Title Page [from 1820 octavo]:

Buonapartephobia
THE ORIGIN OF DR. SLOP'S NAME.


"I have conferred on him a glorious Immortality!"
* * * *
"With his name the mothers still their babes!"
K. Henry VI.

[Napoleon image]

"DAVID'S PORTRAIT OF
NAPOLEON, AS HE NOW APPEARS."

See Page 6, Note.

Ninth Edition.

LONDON:

PRINTED BY AND FOR WILLIAM HONE,
45, LUDGATE HILL

1820.
ONE SHILLING.

Preface:

PREFACE.

In my Dedication of the 'Political House that Jack Built,' to DOCTOR SLOP and his sapient admirers, I have stated, that he is indebted to me for his name. This is true. The little piece, in which I conferred upon him that enviable and lasting distinction, is entitled "Buonaparte-phobia, or Cursing made Easy to the meanest Capacity." I wrote and published it, on an open sheet, in the summer of 1815, to expose the impious and profane curses he then lavished, in The Times' Journal, upon Buonaparte, on his return from Elba. The exposure was so effectual, that the Doctor was, in a few days, dismissed from that paper.
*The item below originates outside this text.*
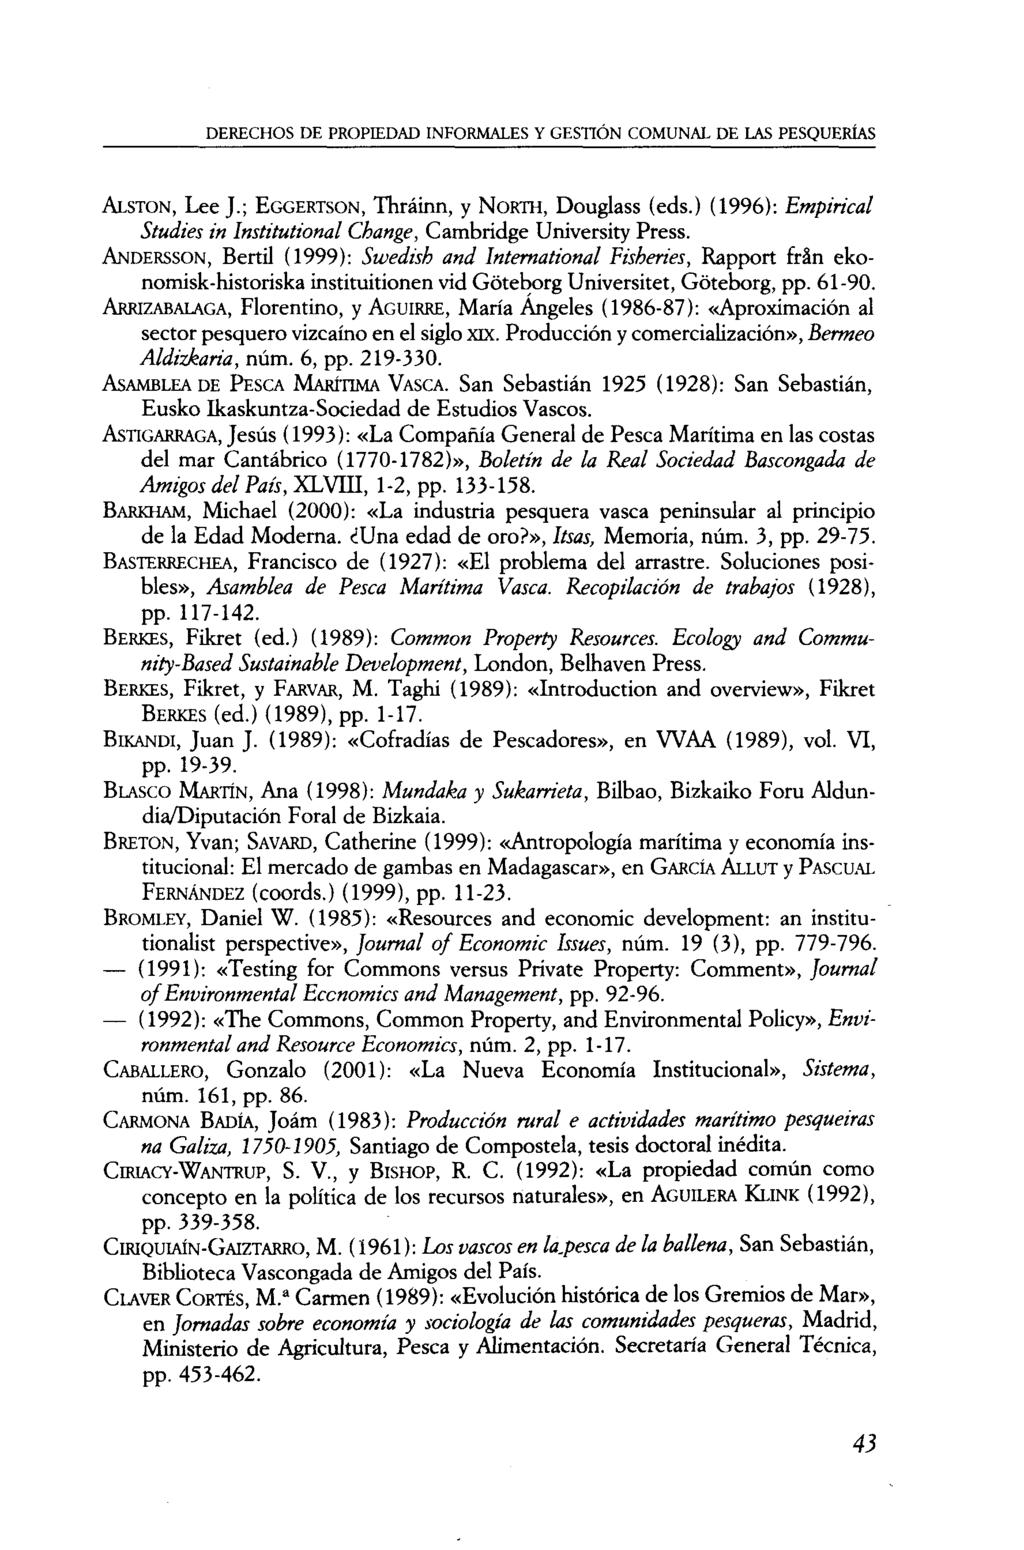 DERECHOS DE PROPIEDAD INFORMALES Y GESTIÓN COMUNAL DE LAS PESQUERÍAS ALSTON, Lee J.; EGGERTSON, Thráinn, y NORTH, Douglass (eds.
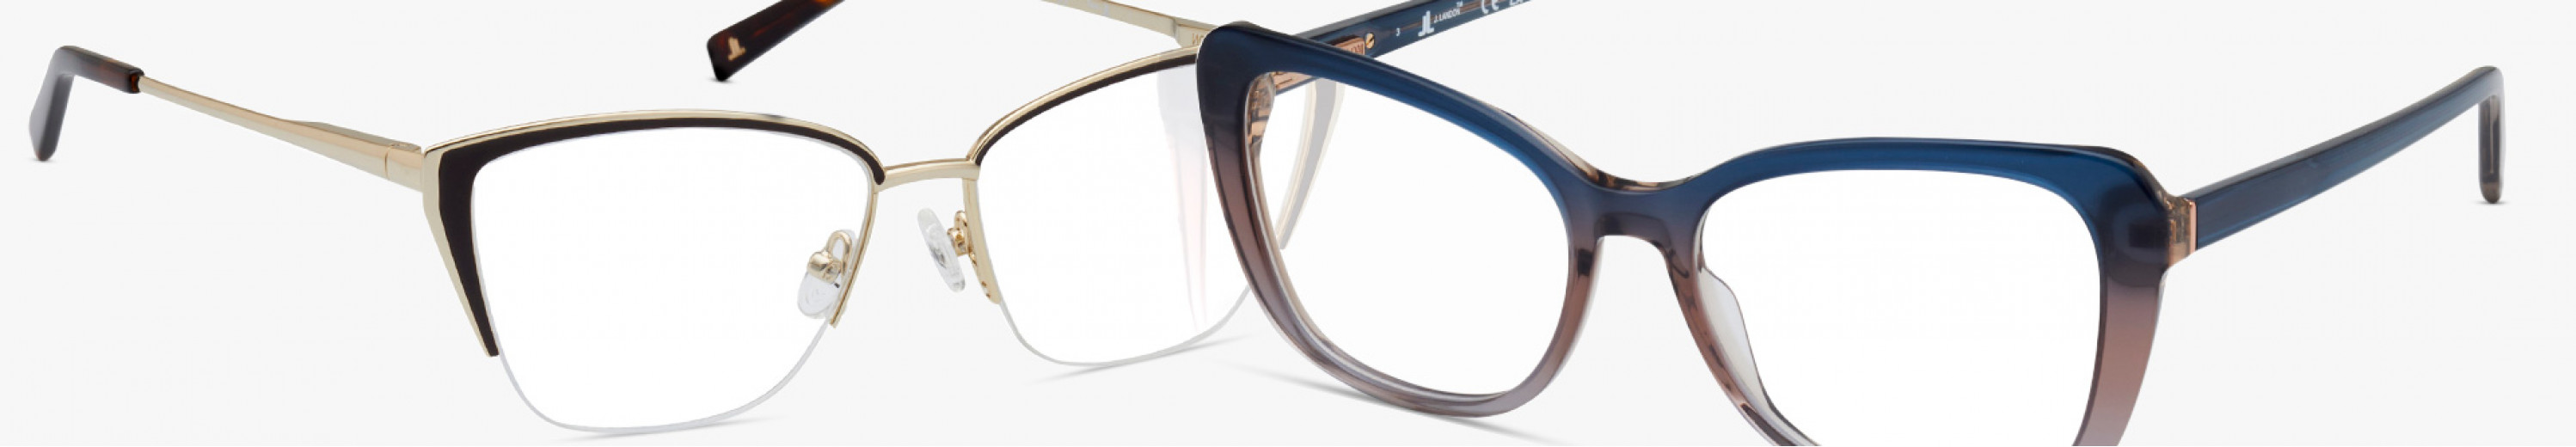 J. Landon Glasses and Eyewear

To cover his disgrace, he openly and unblushingly lied, and attempted to nefariously delude, and otherwise practise gross impostures upon the Public. In answer to his fabrications, and, as a caution to the unwary, the chief Proprietor of The Times was compelled to state the grounds upon which he was discharged. "He knows full well," says The Times, in February, 1817, "that his articles were rejected from our columns, on account of the virulence and indiscretion with which they were written; and that, for more than the twelve months preceding, whatever articles attracted notice by their merit, were exclusively the productions of other gentlemen. --There are, in the Office, sacks full of his rejected writings; which, if they were

published, would exhibit an accurate criterion of his puffed off abilities: the sale of our Journal increased the more, the less he wrote; and, since he has ceased from writing altogether, has extended with a rapidity, of which we have known no example, since we have had the management of it." The Times concludes its observations upon the reputation the Doctor assumed to himself, from having been allowed to rave in its columns, with this remark:--"The braying of the Ass wil sometimes make the forest ring as loudly as the roaring of the Lion. When the person of whom we are speaking, wrote in this Journal, he brayed in the Lion's skin; since he has written out of it, he will find that he has been braying in his own." Shortly after this castigation, the Doctor's public prostitution was notorious. He is now taken into high-keeping by an old lady at the Treasury.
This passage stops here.